Like many Americans, I have a fascination with the Amish.
I’m intrigued by their life, and I respect their resilience in maintaining their identity in the face of massive societal pressure. They have survived for centuries. If large-scale cultural collapse is on the horizon (and I think it probably is; see here), Evangelicals should take lessons from the Amish about swimming against the cultural counter-currents.
However, what do the Amish say about salvation?
I picked up A Pocket Guide to Amish Life by Mindy Starns Clark which provides an overview of Amish customs and beliefs. Clark says the Amish believe,
Salvation comes through grace by faith (p. 18).
That’s a good start, but it’s not decisive. Every Christian denomination would agree with that statement, and many would find a way to reconcile it with works-salvation. However, Clark adds:
The Amish are not a cult, they do not try to earn grace by their lifestyle, and they do believe in salvation (p. 19).
I’m glad the Amish don’t try to earn grace through their works (i.e., their lifestyle). If you take those two statements together, it seems like the Amish believe that salvation is by grace, through faith, apart from works. If that’s true, I’m glad. I was under the impression the Amish believed in works-salvation.
However, there’s a wrinkle in that claim. Clark adds that the Amish reject assurance of salvation:
Feeling that it would be prideful to claim an assurance of that salvation, however, most Amish districts prefer that their members maintain what they call a “living hope” or a “continued effort” on the topic, trusting the ultimate fate of their soul to God’s providence rather than claiming it with certainty (p. 19).
Later, Clark repeats the point:
Myth: The Amish think they are the only ones who are going to heaven.

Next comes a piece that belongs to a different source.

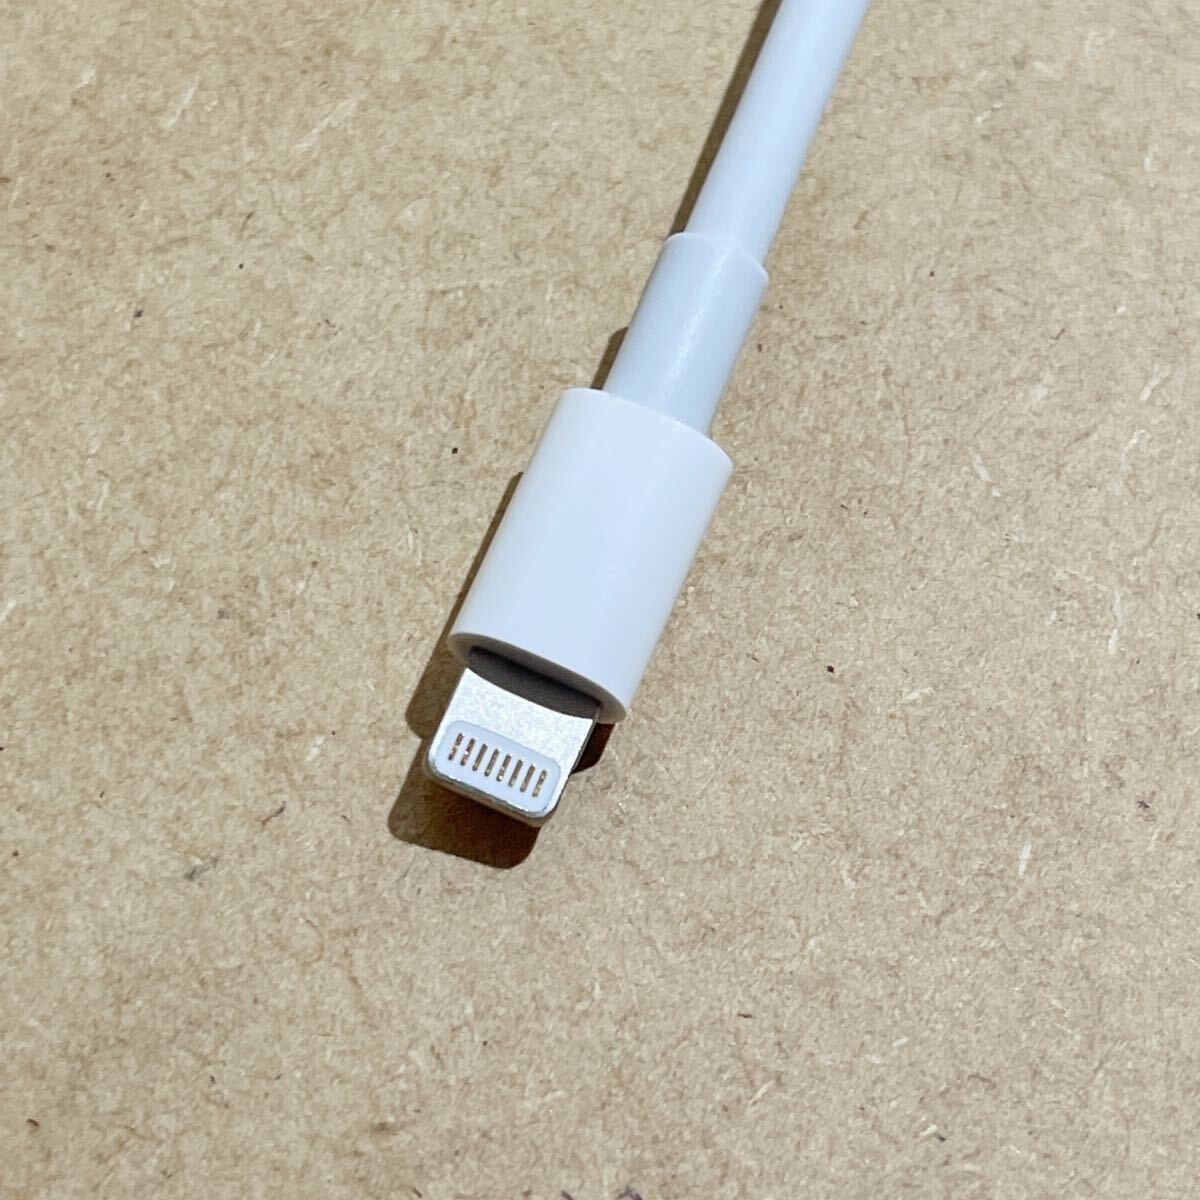 新品送料込 純正 Apple Lightning 30ピン 変換 アダプタ 0.2m iPod iPhone Dock ドックコネクタ pin ライトニング ケーブル 24時間以内発送_画像5

Fact: Despite their strong faith and regulated lifestyle, most Amish do not claim an assurance of heaven even for themselves, much less for anyone else. Instead, they live in the Christian hope that they will go to heaven but believe it would be prideful or presumptuous to know for sure.
How can someone believe in salvation by grace apart from works and yet deny assurance?
Notice that Clark distinguishes between having assurance and having hope. That is exactly right. Being merely hopeful about your salvation is not the same as being assured of your salvation.
Isn’t it sad that the Amish are actively taught not to have assurance and to be merely hopeful about going to heaven when they die?
The Free Grace position holds that assurance is of the essence of saving faith. In other words, believing Jesus’ promise of everlasting life—as opposed to disbelieving or doubting it—logically entails being assured of your salvation. How?
Think of assurance in terms of a simple syllogism:
P1: Everyone who believes in Him will not perish but has eternal life.
P2: I believe in Jesus.
C: Therefore, I have everlasting life.
Jesus’ promise is conditional. If a person believes in Him, then something becomes true of the believer, i.e., he “has” everlasting life. So if you believe, what do you get? Everlasting life. You cannot believe that the promise is true without also believing that Jesus gives you everlasting life, because that is what the promise is about. Hence, assurance is of the essence of saving faith.
Any Amish person who reads John 3:16 and believes it will know that Jesus has given them everlasting life. So how can their leadership encourage people to doubt their salvation without teaching them to disbelieve Jesus’ promise?
Clark gives a hint when she says the leadership “prefer that their members maintain what they call…a ‘continued effort’ on the topic.”
What does it mean to have “continued effort”? Works? If so, the Amish are put in the impossible position of having to believe contradictory things, namely, 1) they cannot earn grace by their lifestyle, and yet 2) their salvation depends on “continued effort.”
So which is it? Is salvation by grace or by continued effort? It can’t be by both.
In John 3:16, Jesus did not promise that whoever puts in continued effort shall not perish but have everlasting life. That is changing the gospel.
While I appreciate the Amish leadership’s opposition to pride, they’re wrong to use that as an objection against having assurance. Pride is a problem—for works-salvation. One of Paul’s arguments against salvation by works is that it can lead to pride, i.e., “lest anyone should boast” (Eph 2:9). But Paul does not raise that as an issue in by-grace-through-faith salvation. Is it prideful to believe that Jesus keeps His promises? Is it prideful to think that Jesus does all the work of salvation and we simply believe in Him for that?
No!
Since salvation by grace has nothing to do with your worthiness, cleverness, or goodness, and everything to do with His great mercy, love, and sacrificial death, there is no place for pride in yourself, as if salvation was your accomplishment. If pride is involved at all, it is in what the Lord Jesus Christ has done for the believer. As Paul says, “Let the one who boasts boast in the Lord” (1 Cor 1:31b).
One last thought—and a hopeful one! If the Amish leadership must actively teach their people to lack assurance, doesn’t that imply that many of them naturally have it? I wonder how many Amish have read Jesus’ promises of salvation, believed Him, and therefore have everlasting life, only to be told to doubt their assurance later on?
The Amish are very good at resisting calls to compromise their way of life. I hope they’re just as good at resisting calls to compromise their assurance.